FIG. 2 is a drawing of Pubescenoside C 13 C-NMR chart (100 MHz).
FIG. 3 is a DEPT diagram of Pubescenoside C.
FIG. 4 is a graph of the effect of Pubescenoside C on myocardial infarction area and myocardial injury markers in myocardial ischemia-reperfusion-injured rats, wherein Panel A is Evans blue-TTC staining of heart sections from Pubescenoside C-treated myocardial ischemia-reperfusion-injured rats; figure B is the effect of Pubescenoside C on myocardial infarction area in myocardial ischemia reperfusion injury rats; panel C is the effect of Pubescenoside C on the electrocardiogram ST segment of myocardial ischemia reperfusion injury rats; FIG. D is the effect of Pubescenoside C on the myocardial injury marker CK-MB in rats with myocardial ischemia-reperfusion injury; panel E is the effect of Pubescenoside C on cardiac tissue morphology in myocardial ischemia reperfusion injury rats.

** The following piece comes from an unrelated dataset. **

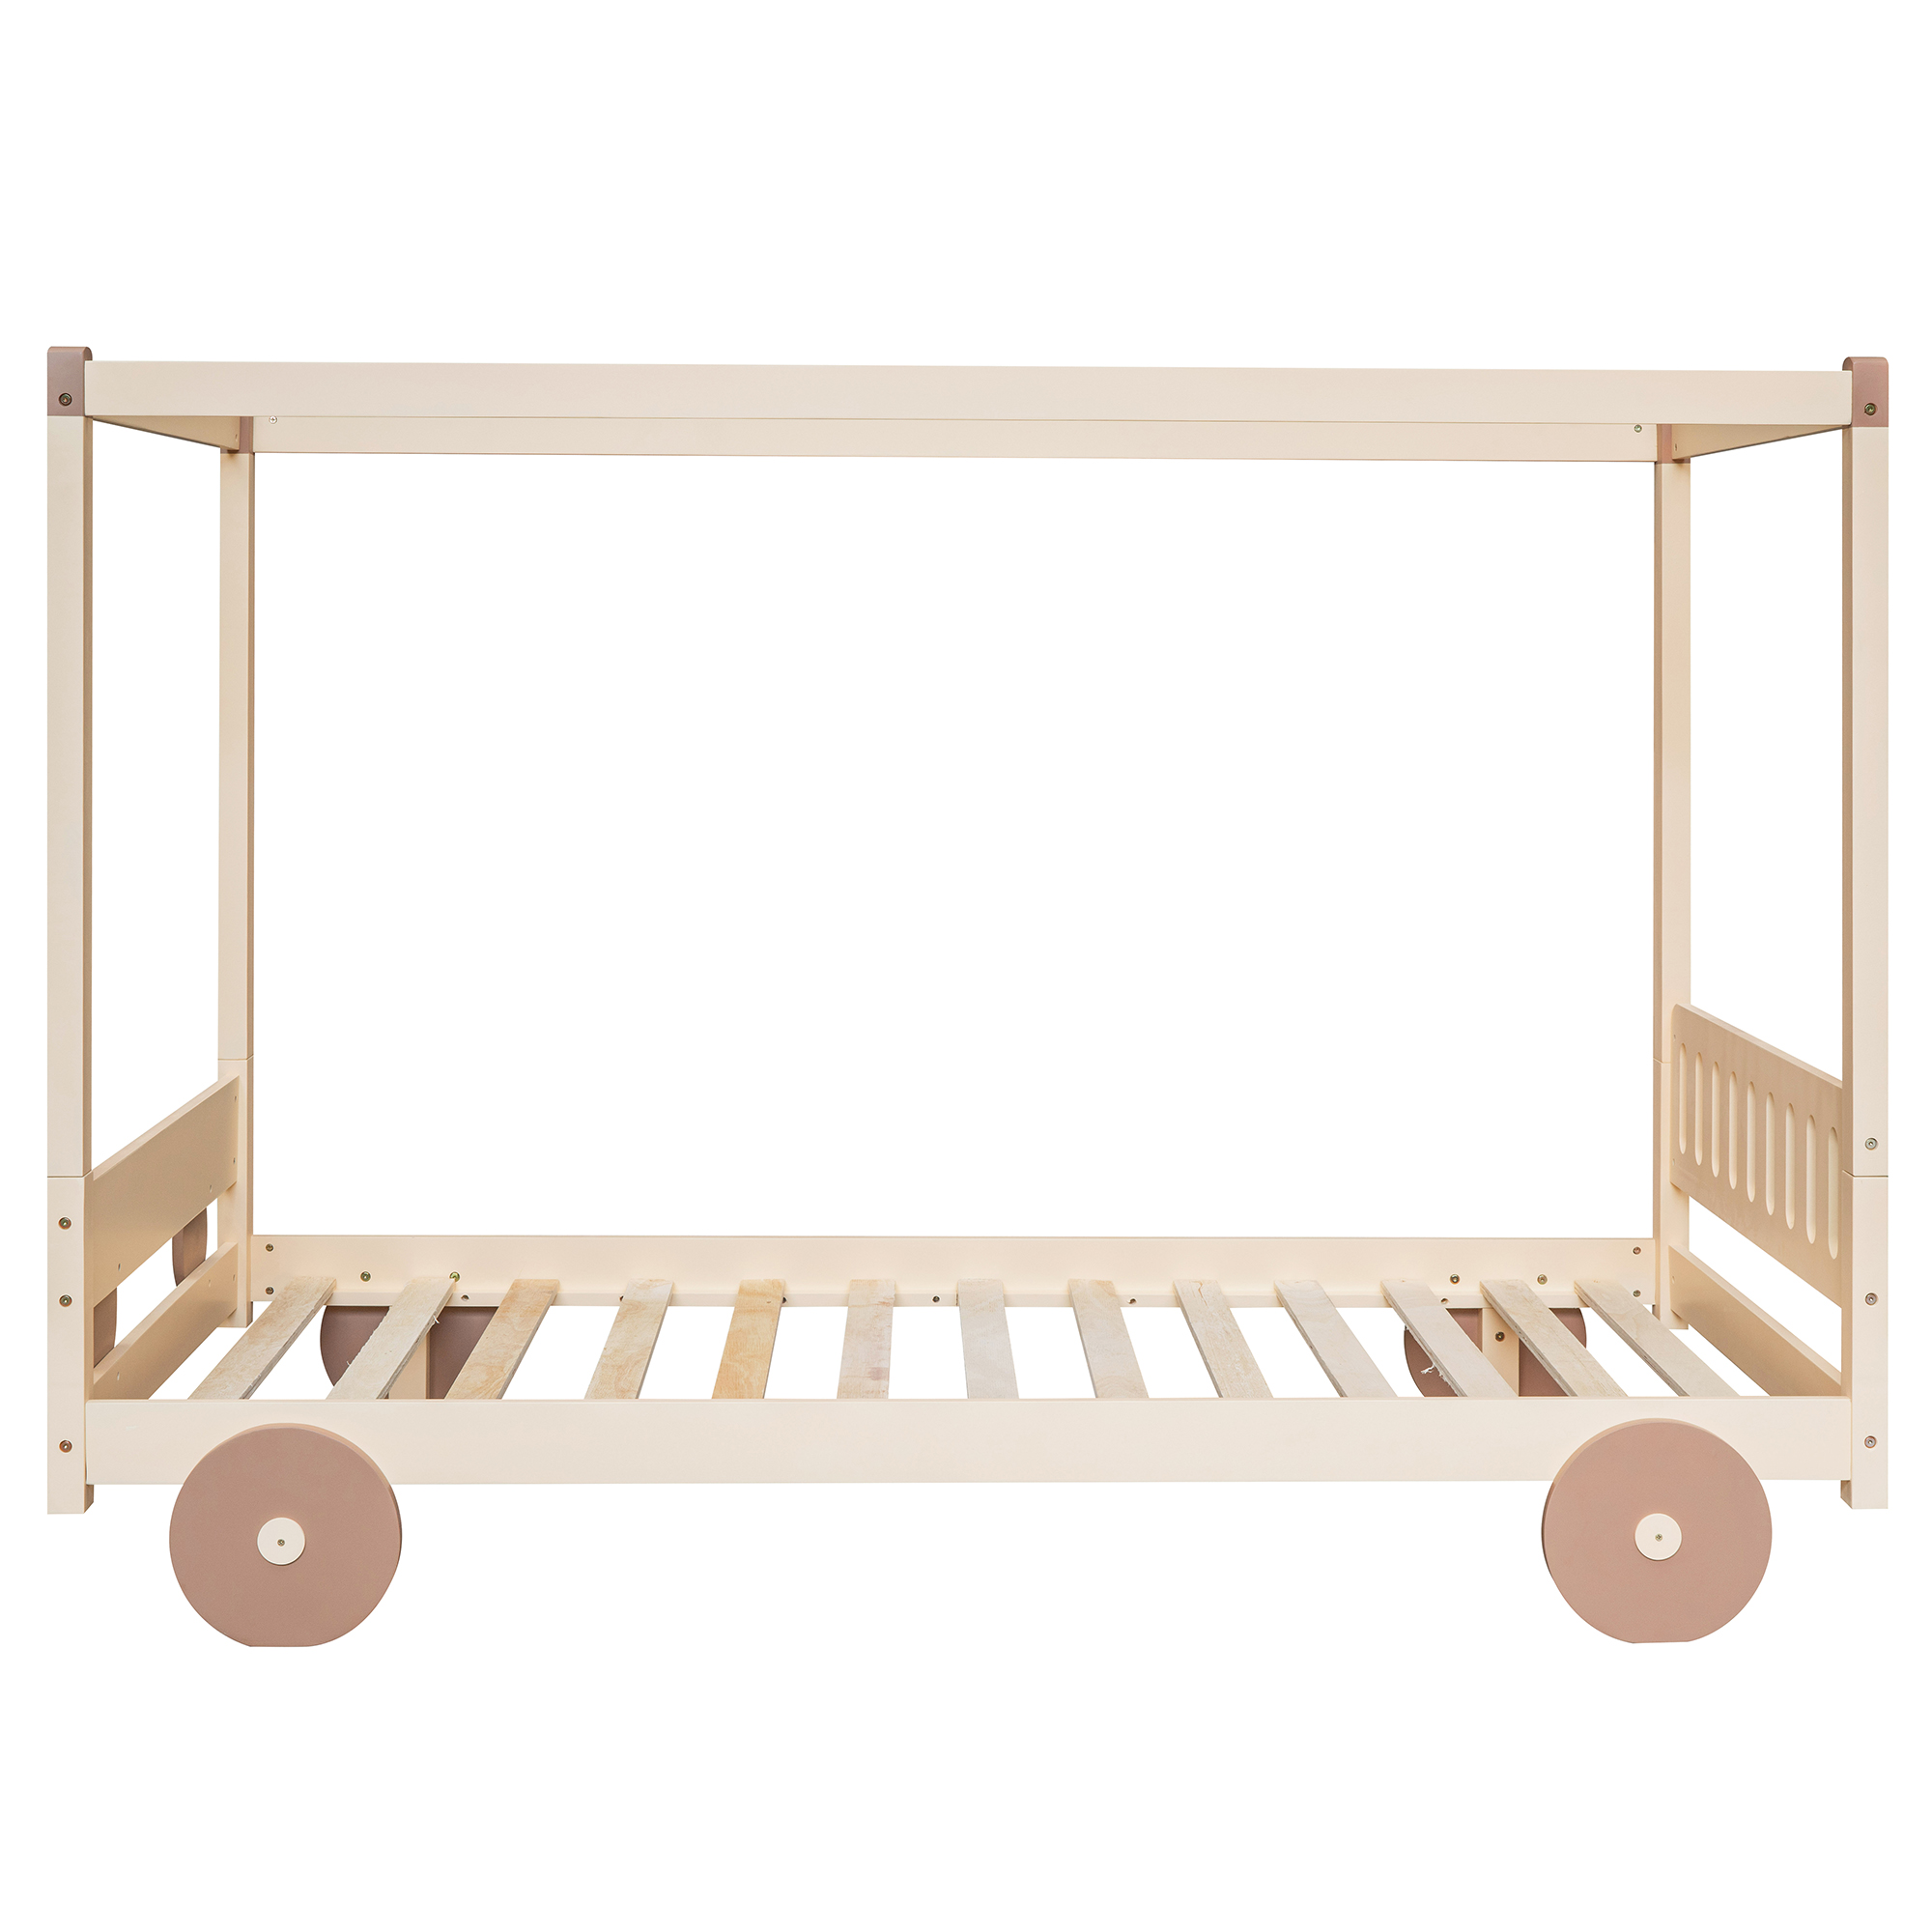 Artlia Twin Size Canopy Car-Shaped Platform Bed,Natural+Brown - image 2 of 7

FIG. 5 is a graph of the effect of Pubescenoside C on macrophage M1 and M2 markers, wherein Panel A is the effect of Pubescenoside C on iNOS and COX-2 protein expression; FIG. B is a statistical chart of iNOS and COX-2 protein expression; panel C is the effect of Pubescenoside C on macrophage M1 marker mRNA levels; panel D is the effect of Pubescenoside C on macrophage M2-type marker mRNA levels; panel E is the effect of Pubescenoside C on ED 1-type macrophages in cardiac tissue from myocardial ischemia reperfusion injury rats; panel F is the effect of Pubescenoside C on ED 2-type macrophages in cardiac tissue from myocardial ischemia reperfusion injury rats.

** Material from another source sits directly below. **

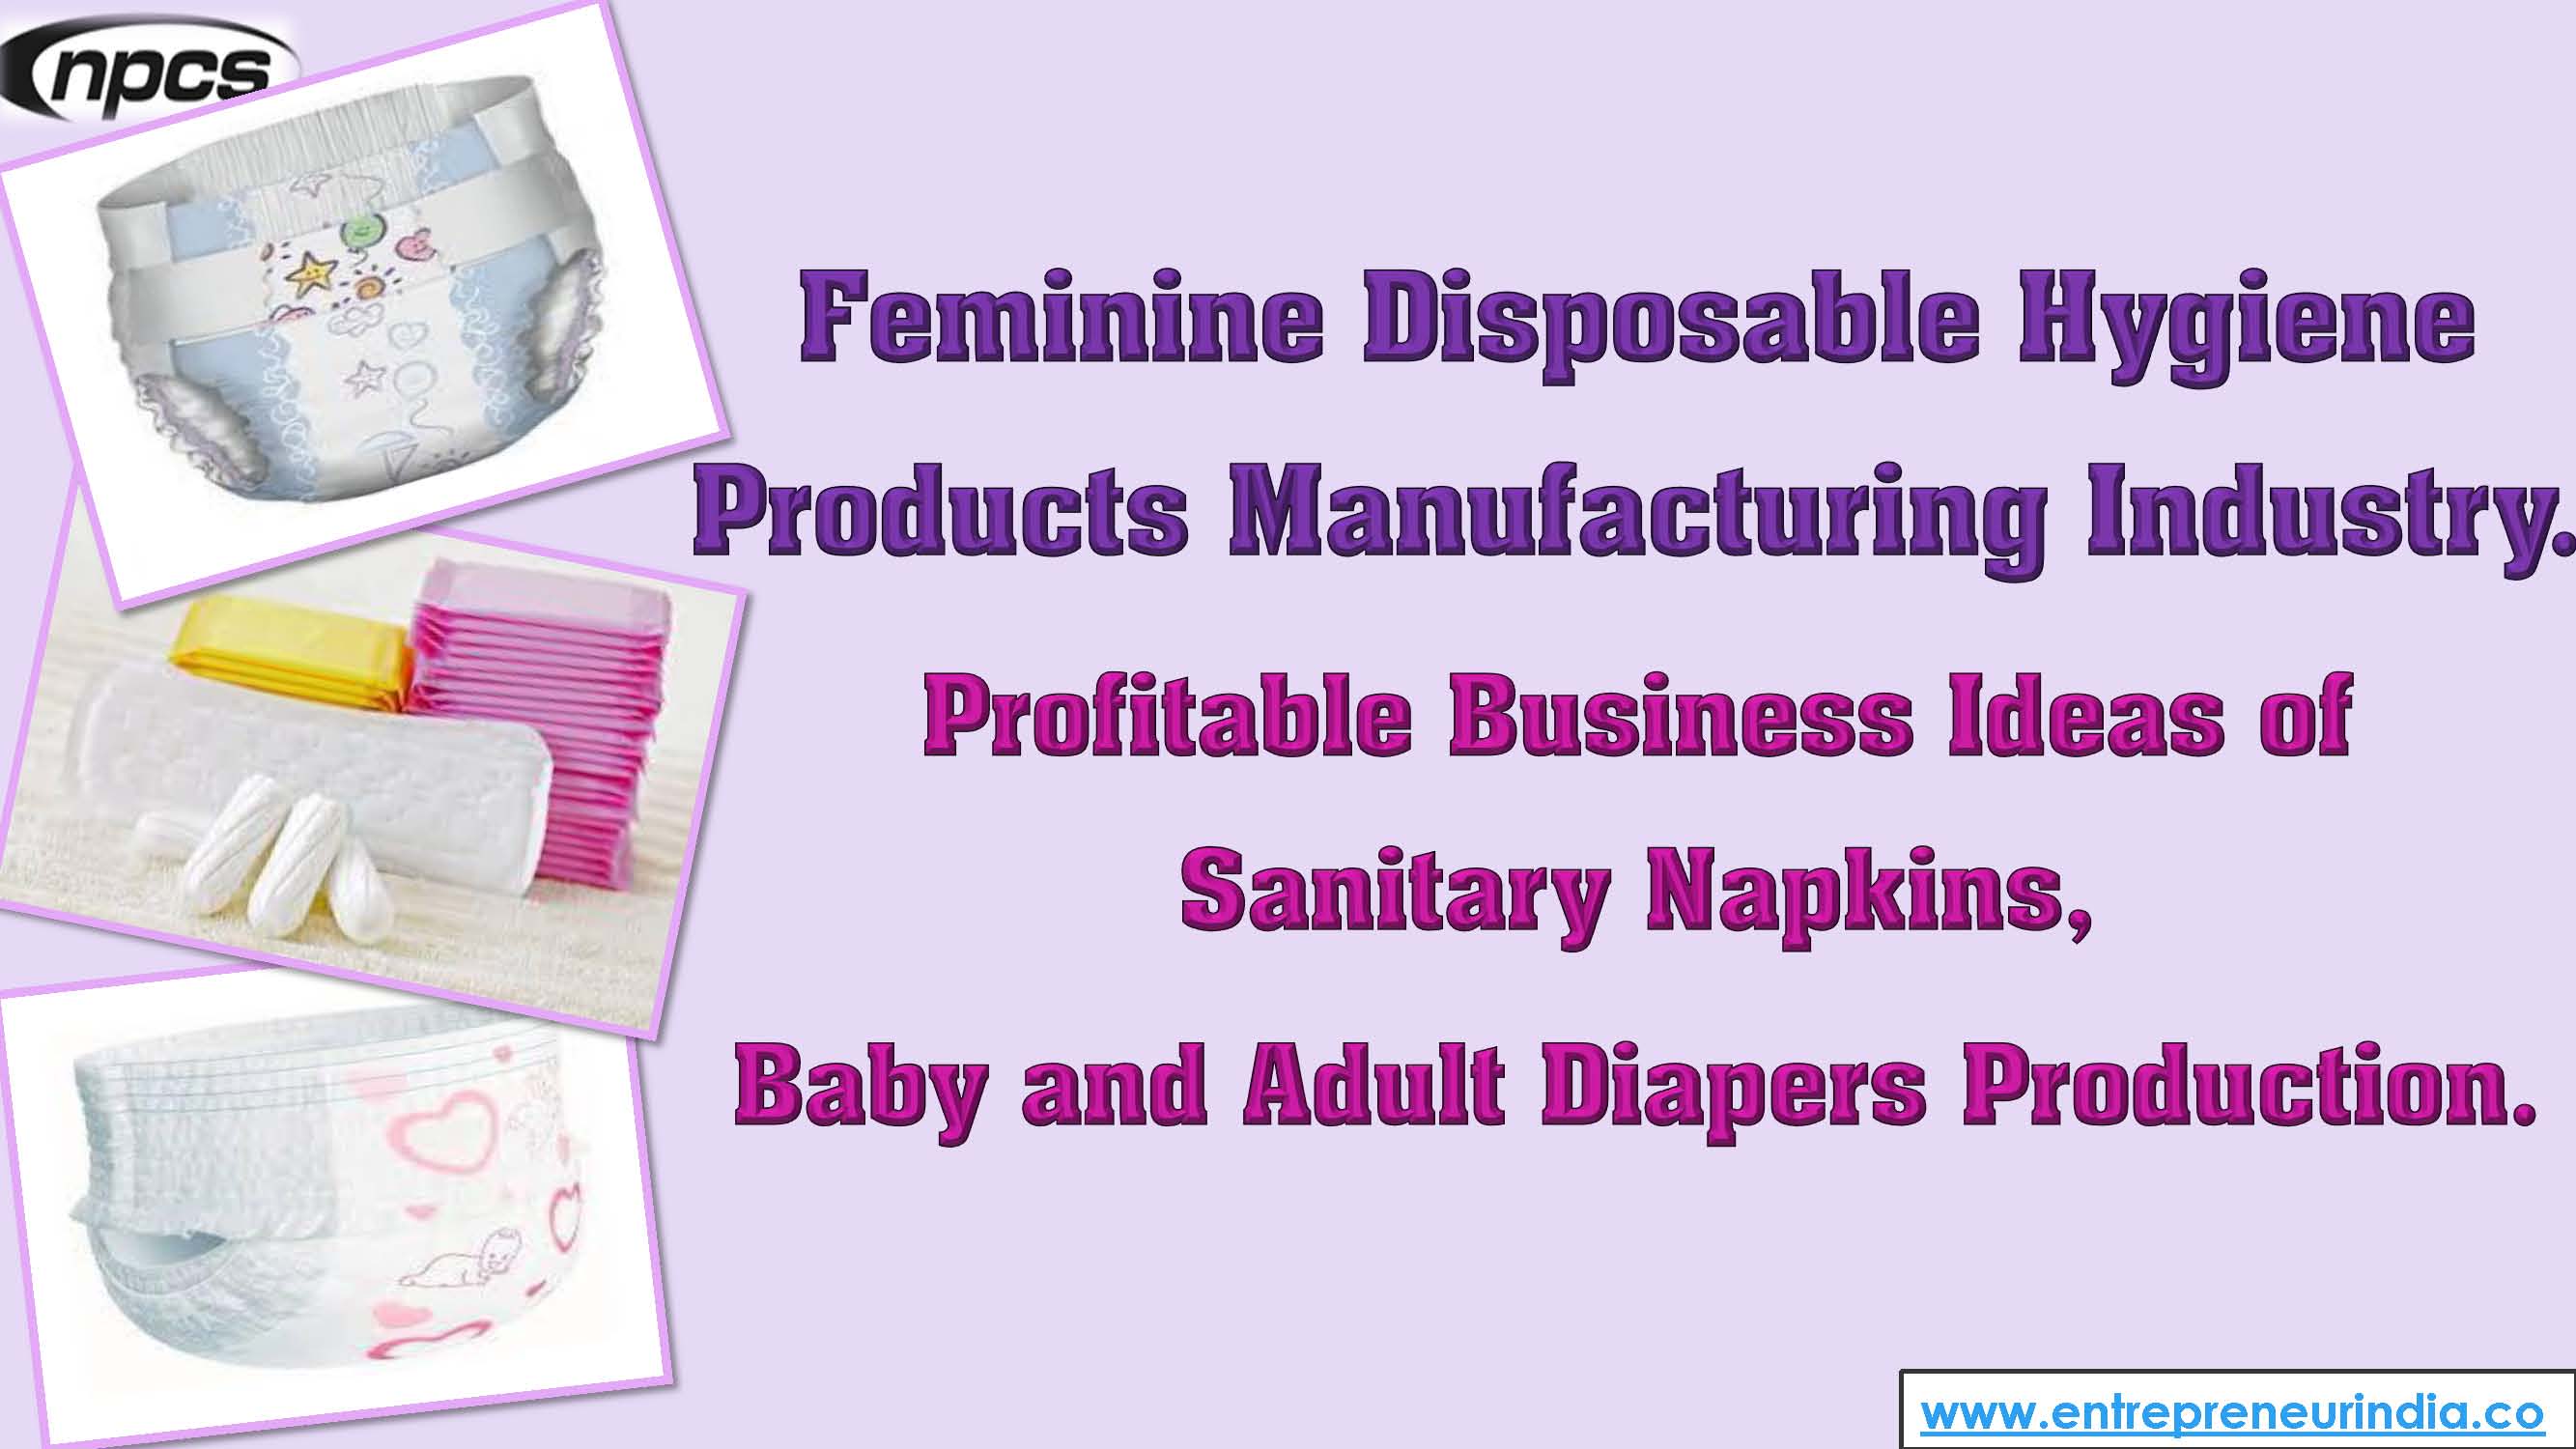 Feminine Disposable Hygiene Products Manufacturing Industry.jpg

FIG. 6 shows the effect of Pubescenoside C treated macrophages on cardiomyocytes, wherein FIG. A is a schematic representation of co-culture of macrophages RAW264.7 with H9C2 cardiomyocytes; FIG. B is a graph of the effect of Pubescenoside C treated macrophages on the survival of hypoxic reoxygenation H9C2 cardiomyocytes; panel C is the effect of Pubescenoside C treated macrophages on hypoxia reoxygenation H9C2 cardiomyocyte apoptosis.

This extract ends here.